Book Reviews

Even Robots Can Dream
The picture book Little Bot and Sparrow by Jake Parker is an endearing tale. Little Bot is a small robot discarded on the trash heap because he is no longer useful. He meets a sparrow who decides Little Bot needs some help navigating his new world of freedom. A sweet friendship grows. as Sparrow teaches Little Bot about the beauty, wonder, and risks in her natural world. As the year moves through the seasons, Sparrow tells Little Bot that she must fly away and leave him because winter’s coming. Little Bot misses her when she is gone. But, she leaves him with the gift of possibility as he continues to grow and experience the wonders in life.
I like this story because it is simple yet deep. It is about friendship, love, and growth. Parker’s illustrations are warm and gentle. The humanity he instills in Little Bot draws the reader in to experience the changes of the seasons, as well as personal changes of Little Bot. Parker takes us through a year in vibrant rich color. Readers and listeners can learn about the cyclical nature of the seasons and migration, as well as learning about hope. We see that even with loss there is often some gain. (Roaring Book Press/MacMillan, 2016) Four stars.


Greetings, Readers! My first (ever) blog post is a review of a marvelous book I just finished reading. “Confessions of an Imaginary Friend” by Michelle Cuevas (Dial Books, 2015) offers us an entertaining and educational foray into the world of imaginary friends. Jacques Papier is a boy (or so he thinks) who is Fleur’s twin.

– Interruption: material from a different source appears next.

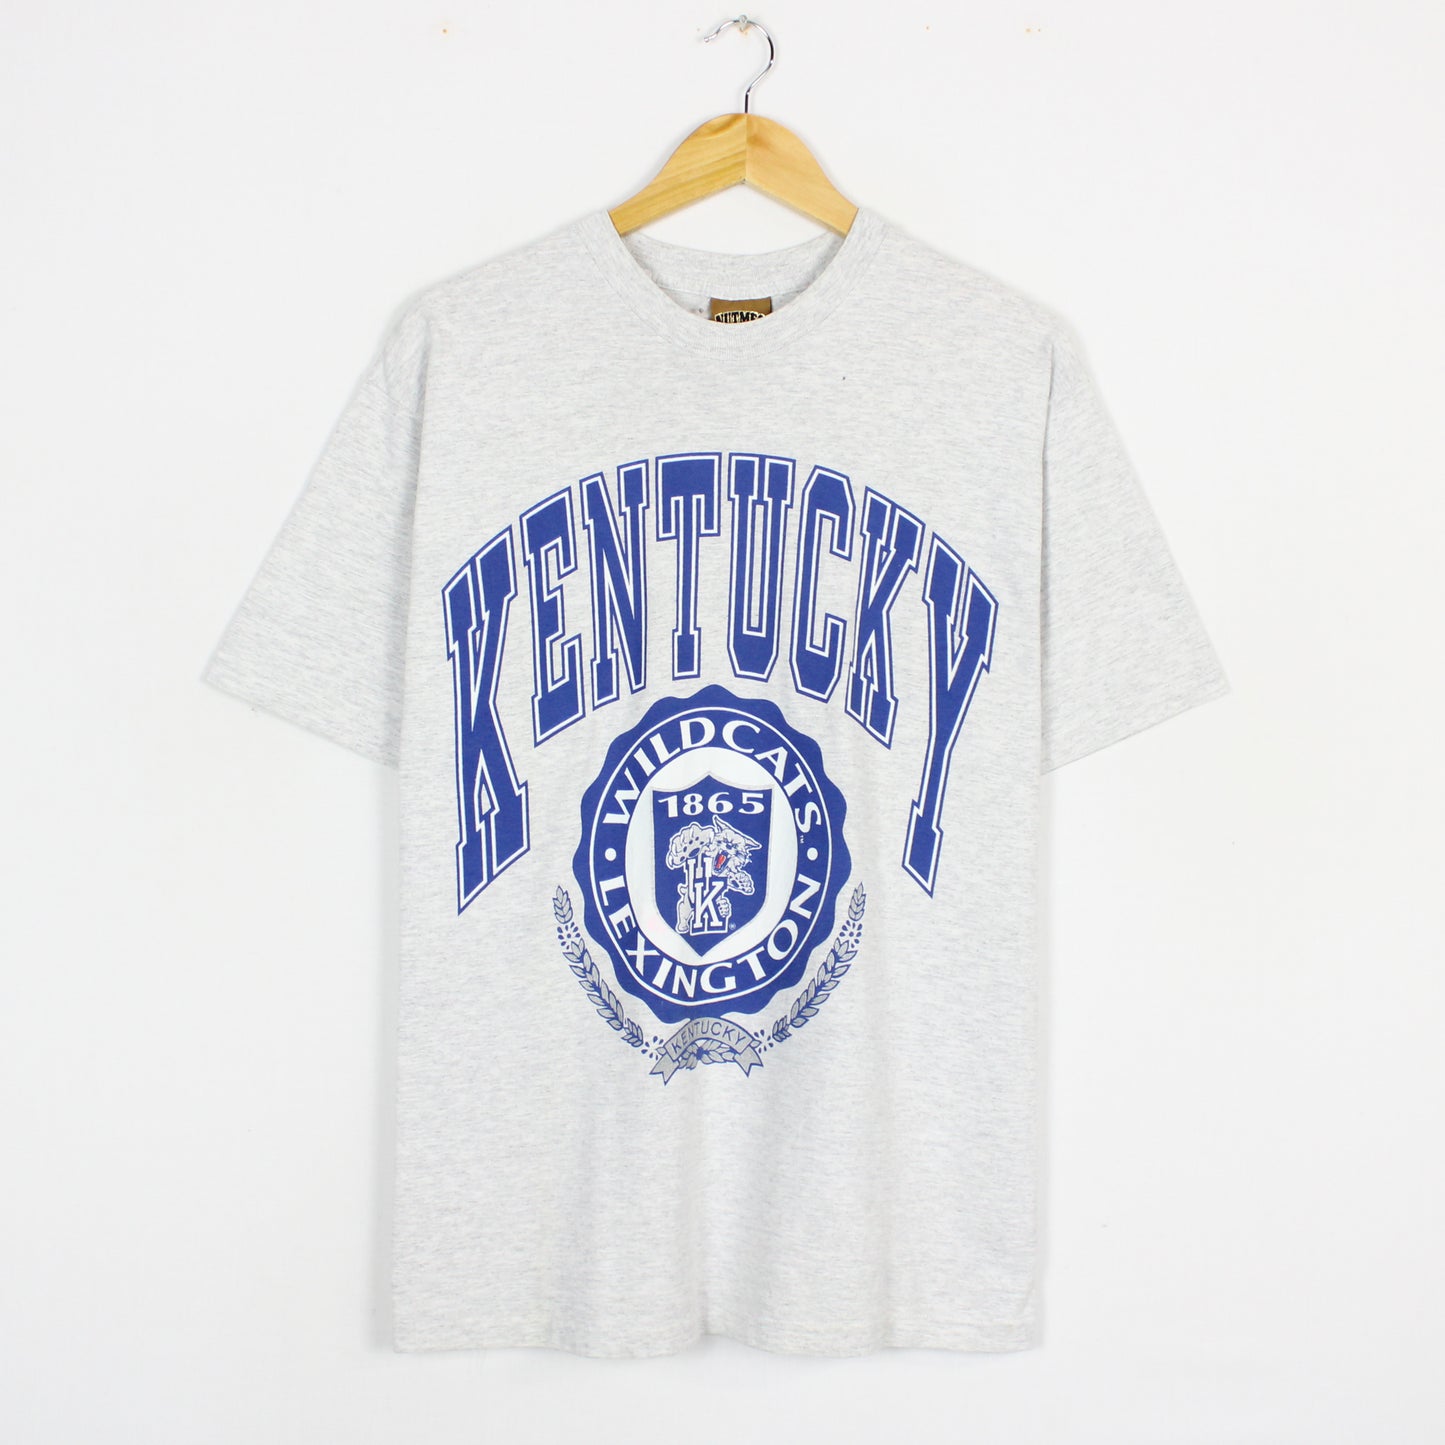 Vintage Kentucky Wildcats NCAA Tee - L

The story, told from Jacques’s perspective begins with, “THE WORLD HATES JACQUES PAPIER!” Demoralizing things happen to him, such as the teacher never calls on him, his parents sometimes forget to kiss him goodnight, the bus driver drives right past his stop when he’s standing there alone, and he NEVER is chosen for team games – even when he’s the last one standing. The only person who truly notices him and knows what he’s thinking and what he wants and needs is his twin sister Fleur.
Eventually, it becomes clear to Jacques that he is truly invisible to everyone except Fleur, other imaginaries, and his despicable nemesis the dog Francoise. After this shocking and depressing discovery he joins “Imaginaries Anonymous”, a support group. There he learns about the Reassignment Office, a sort of employment agency for imaginaries which is a hilarious example of your typical governmental bureaucracy.

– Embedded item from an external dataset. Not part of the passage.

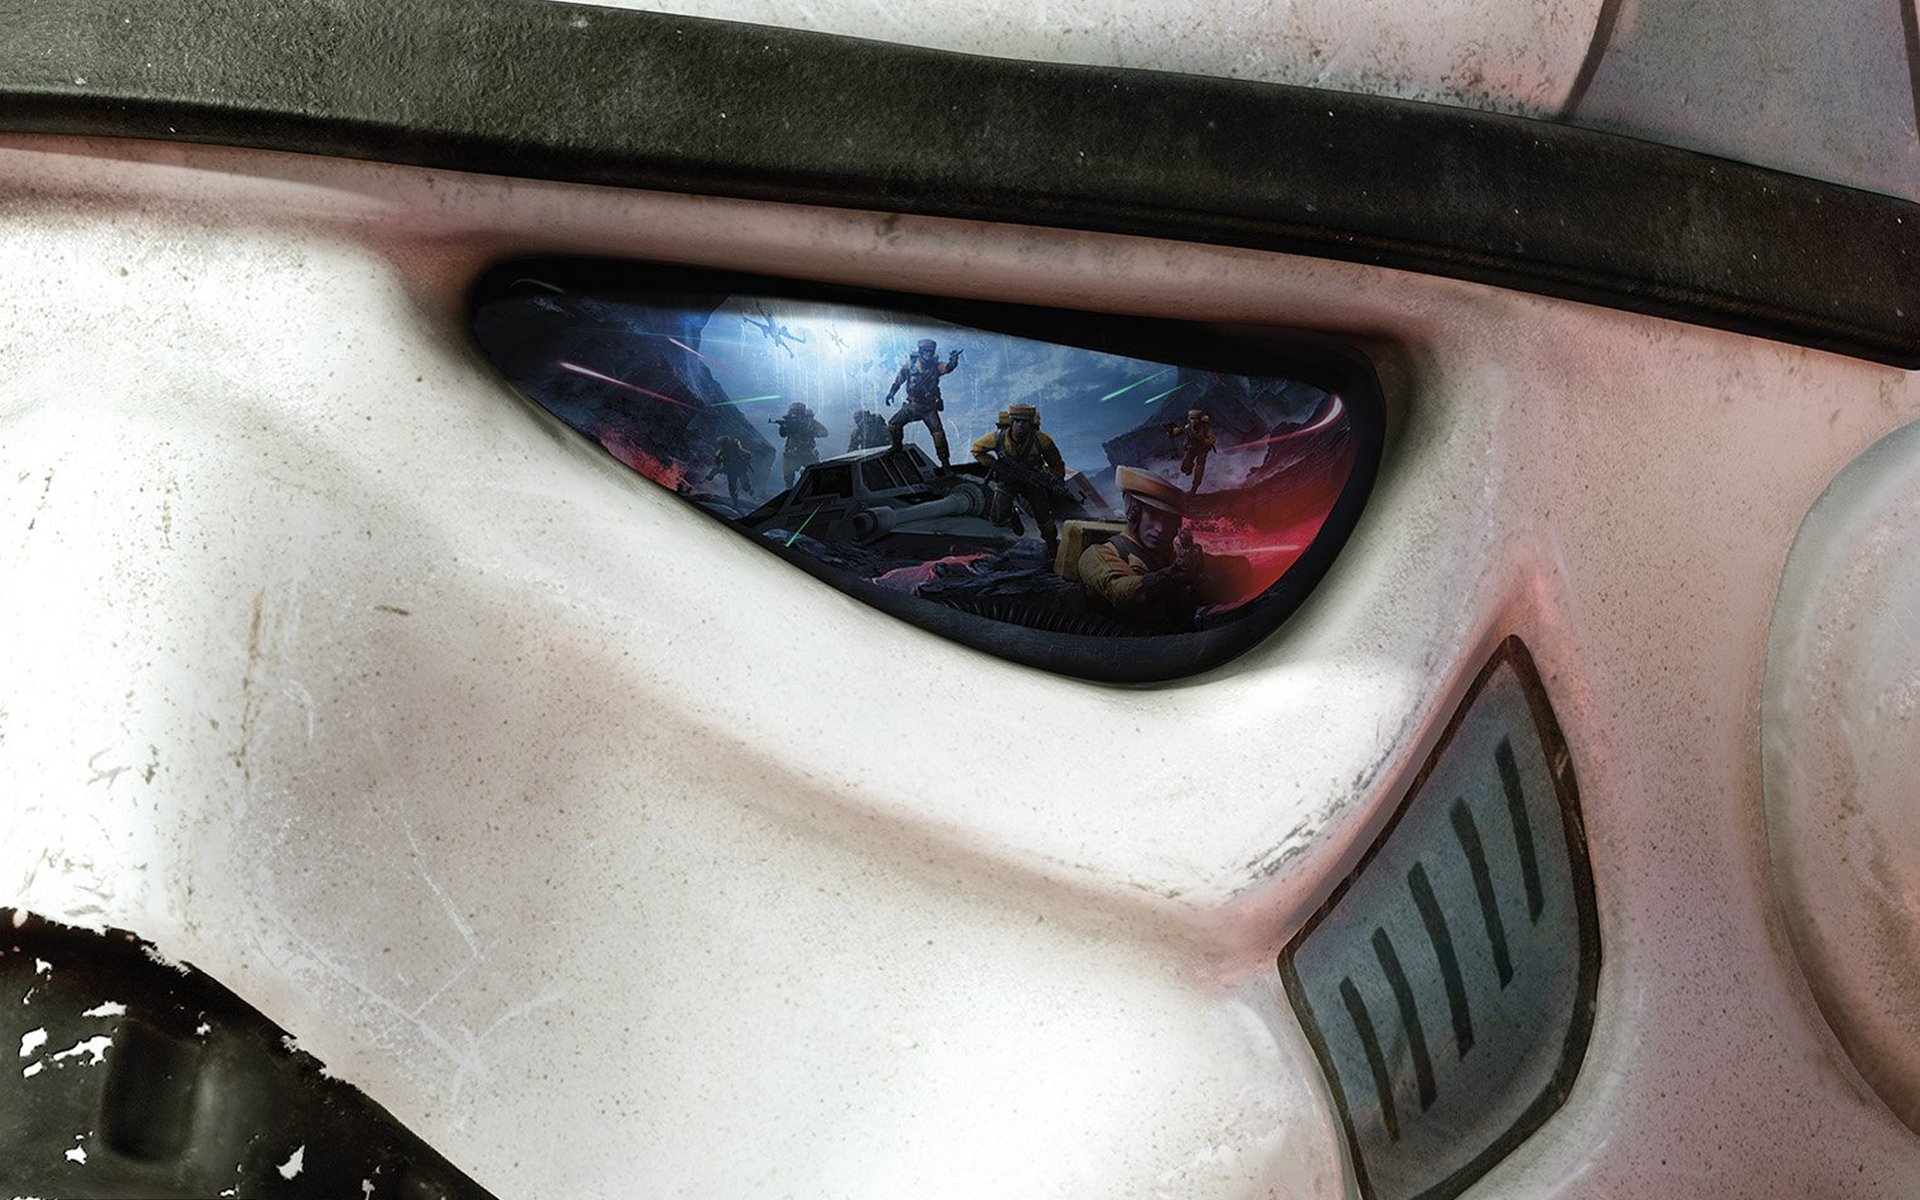 Star Wars Battlefront 2015 Hd Wallpaper Background Image

Jacques soon decides to leave his beloved Fleur and sets out on a quest to become “real”. Cuevas takes us into the secret world of imaginary friends – their lives, their hopes, their dreams, their fears. In reading “Confessions”, we and Jacques learn valuable lessons about friendship, commitment, and love. We also get a glimpse of what makes us important. As Jacques’s friend, Roller-Skating Cowgirl tells him, “You are only invisible as you feel.”
This story is filled with laugh-out-loud scenes and unexpected twists. Jacques learns what we all should hope to learn – to be the person he was meant to be while helping others along the way. This story has a sweet and satisfying ending. The only thing it lacked was just one more chapter with the unsinkable Jacques Papier.
The hardbound book has 268 pages, with occasional black and white illustrations (by Cuevas). This is a middle-grade novel (ages 9-12) (but this kidult loved it). Highly recommended. Five stars.